**The problem:** Starting with the line that holds "Jogo comemorativo reunirá", reproduce each line through the last one of the data, exactly as written. Pictures are not copied.

**Data extract:**
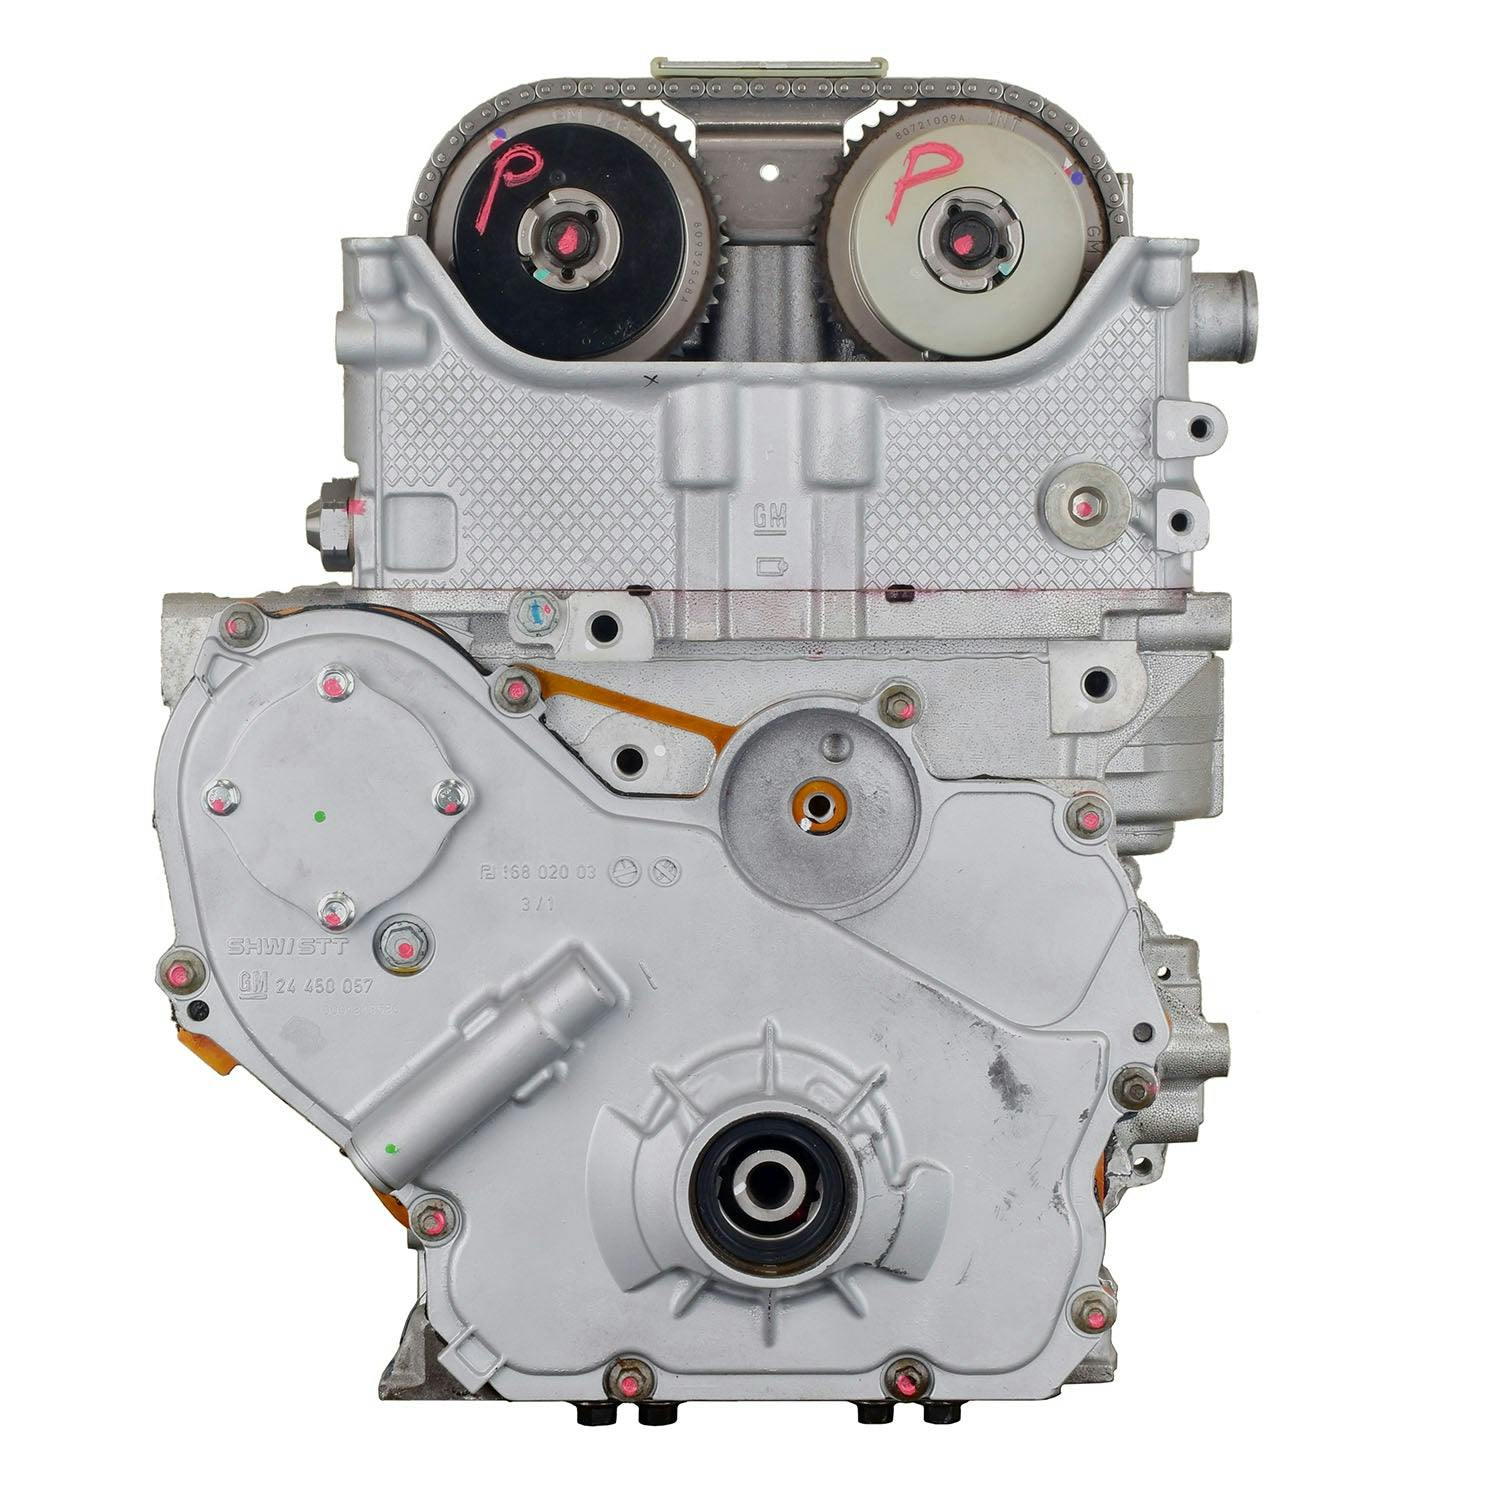 2.4L Inline-4 Engine for 2009-2012 Chevrolet Malibu/Pontiac G6/Saturn Aura
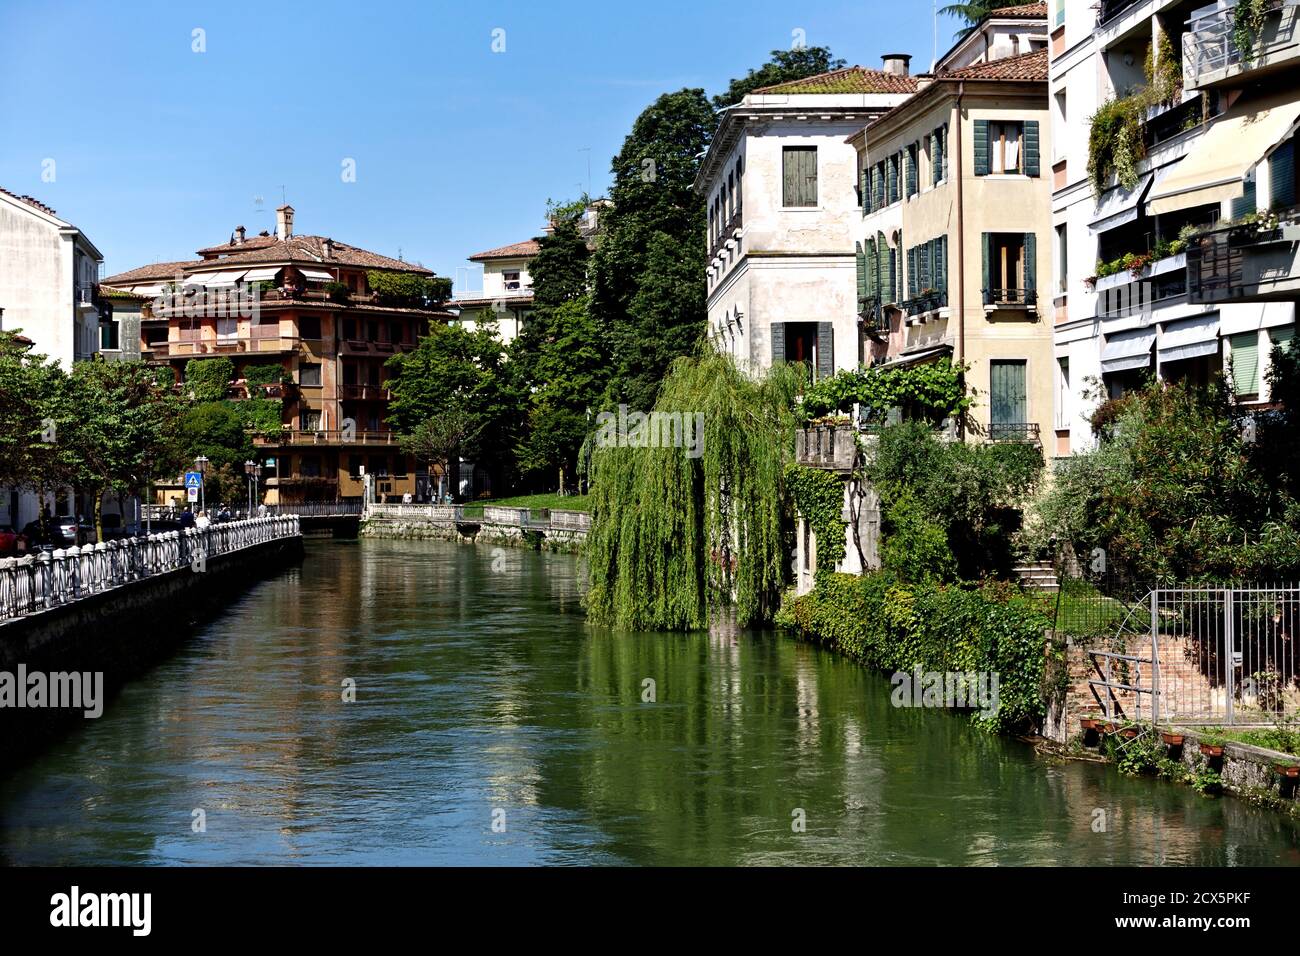 Vistazo de edificios típicos venecianos a lo largo del río Sile, Riviera Santa Margherita. Árbol de sauce llorón. Treviso, Véneto, Italia, Europa. Copie el espacio. Foto de stock
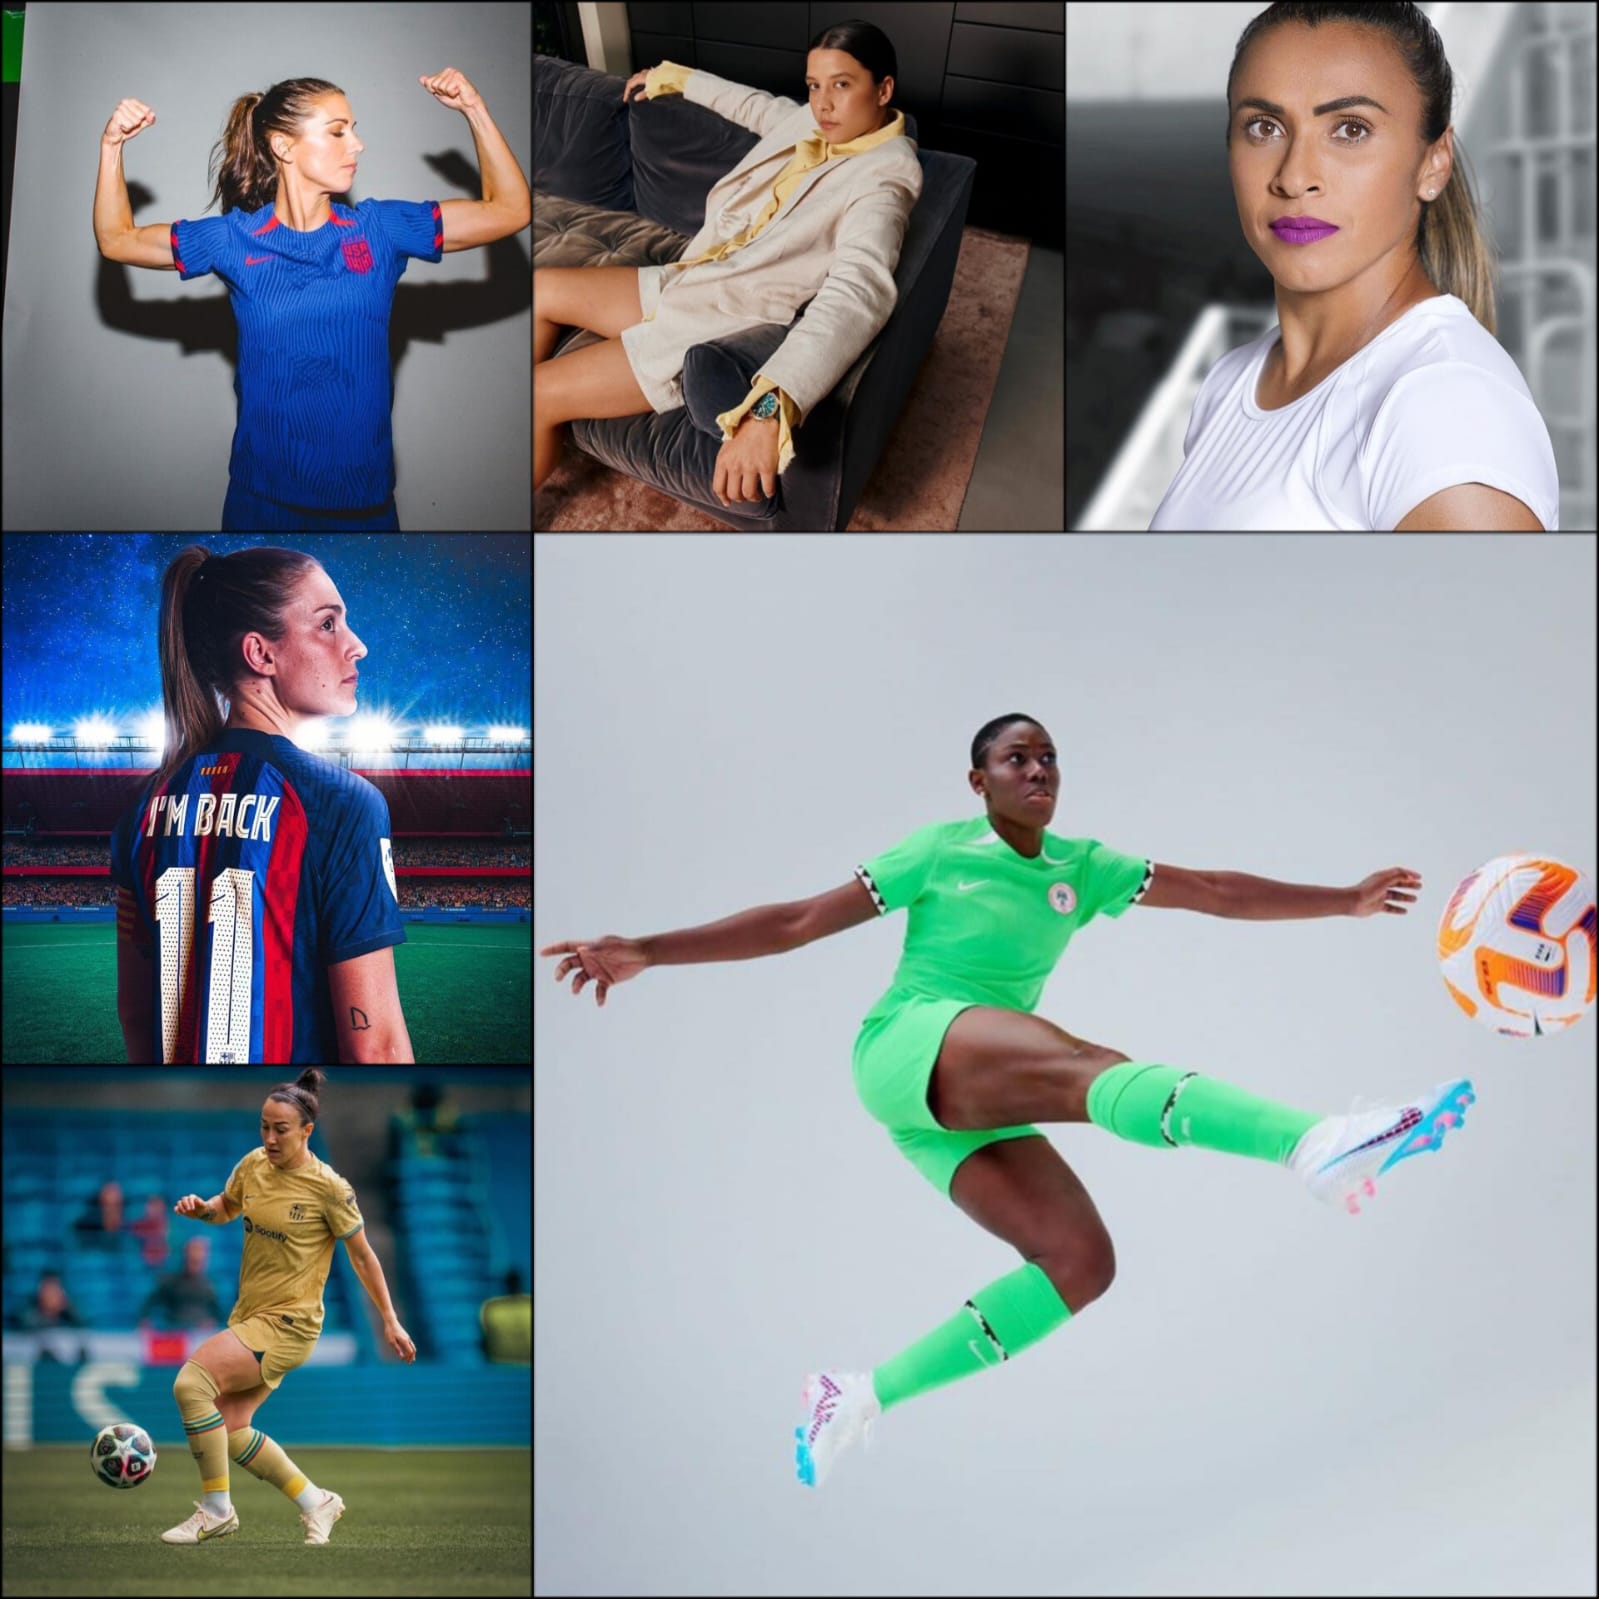 Jogo comemorativo reunirá grandes nomes do futebol feminino de Lorena
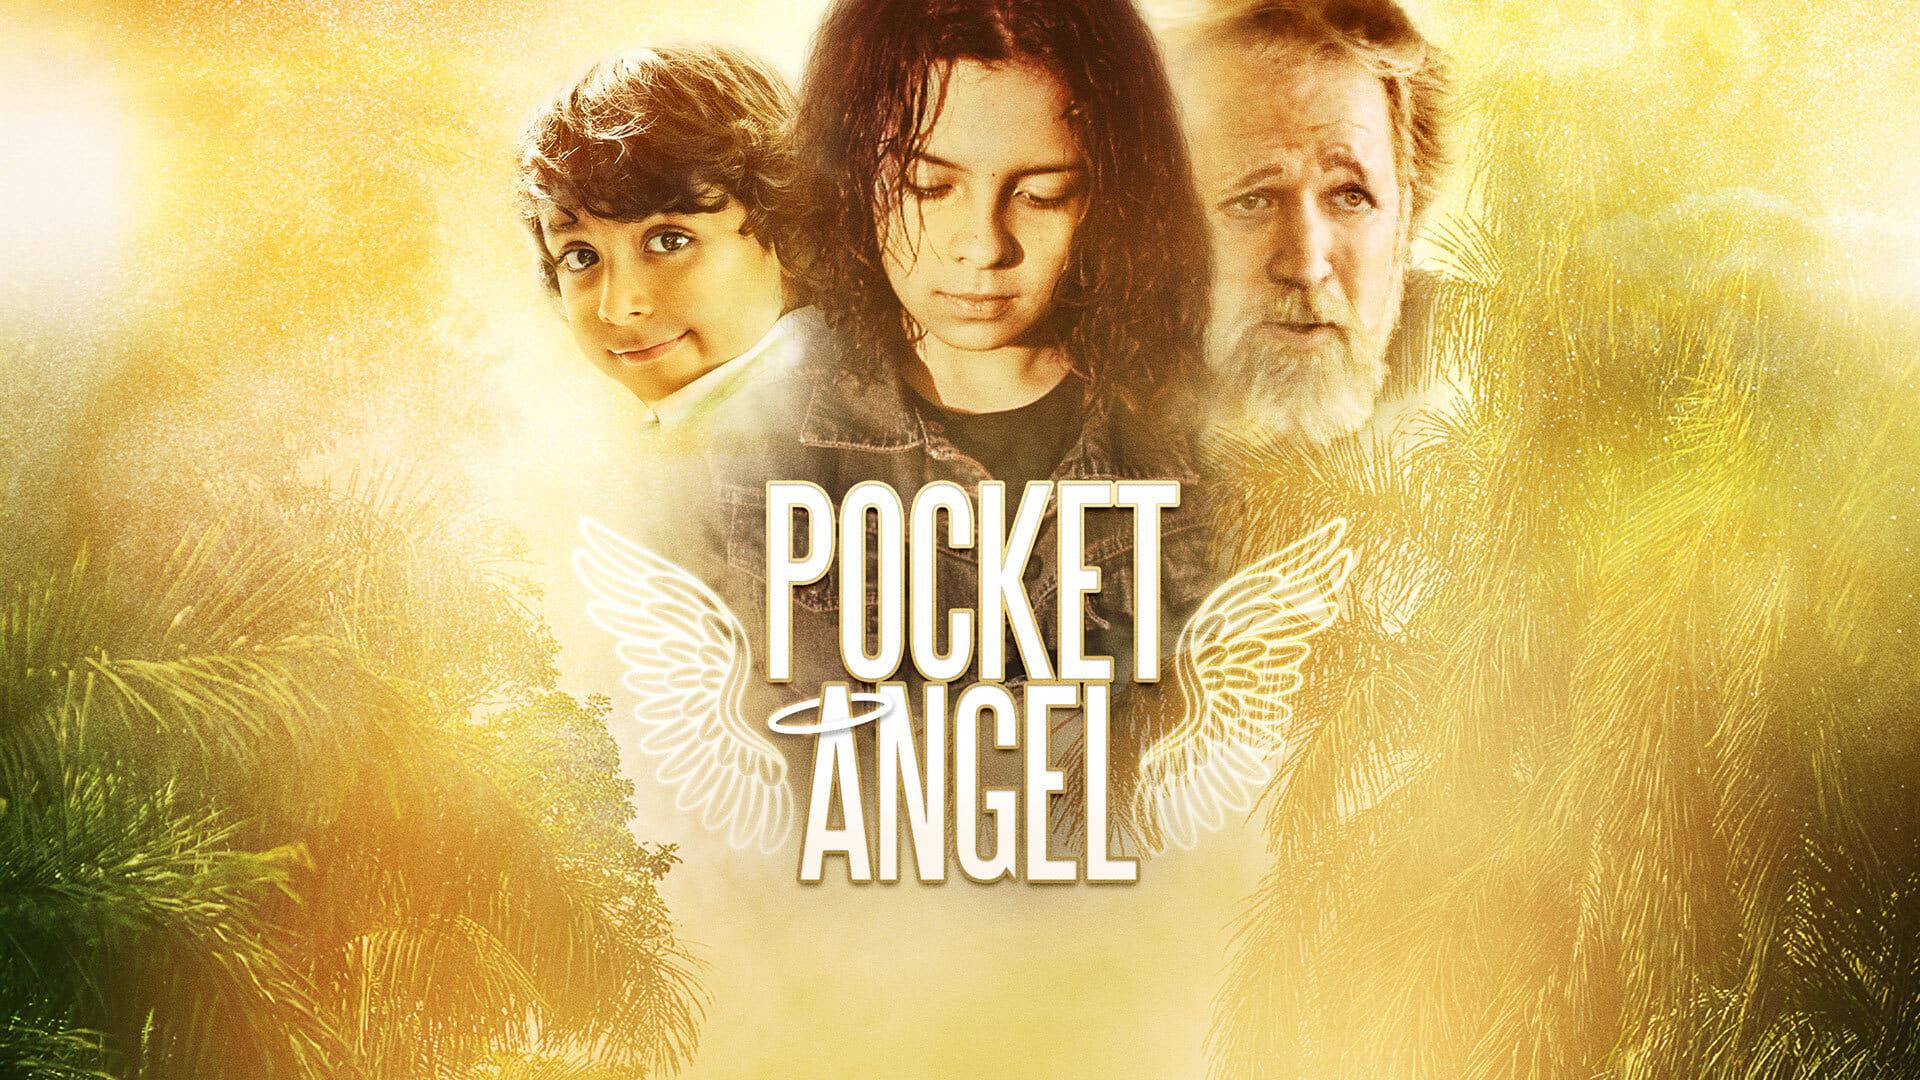 Pocket Angel backdrop

**Solution to this task:**
 Jogo comemorativo reunirá grandes nomes do futebol feminino de Lorena
 Pocket Angel backdrop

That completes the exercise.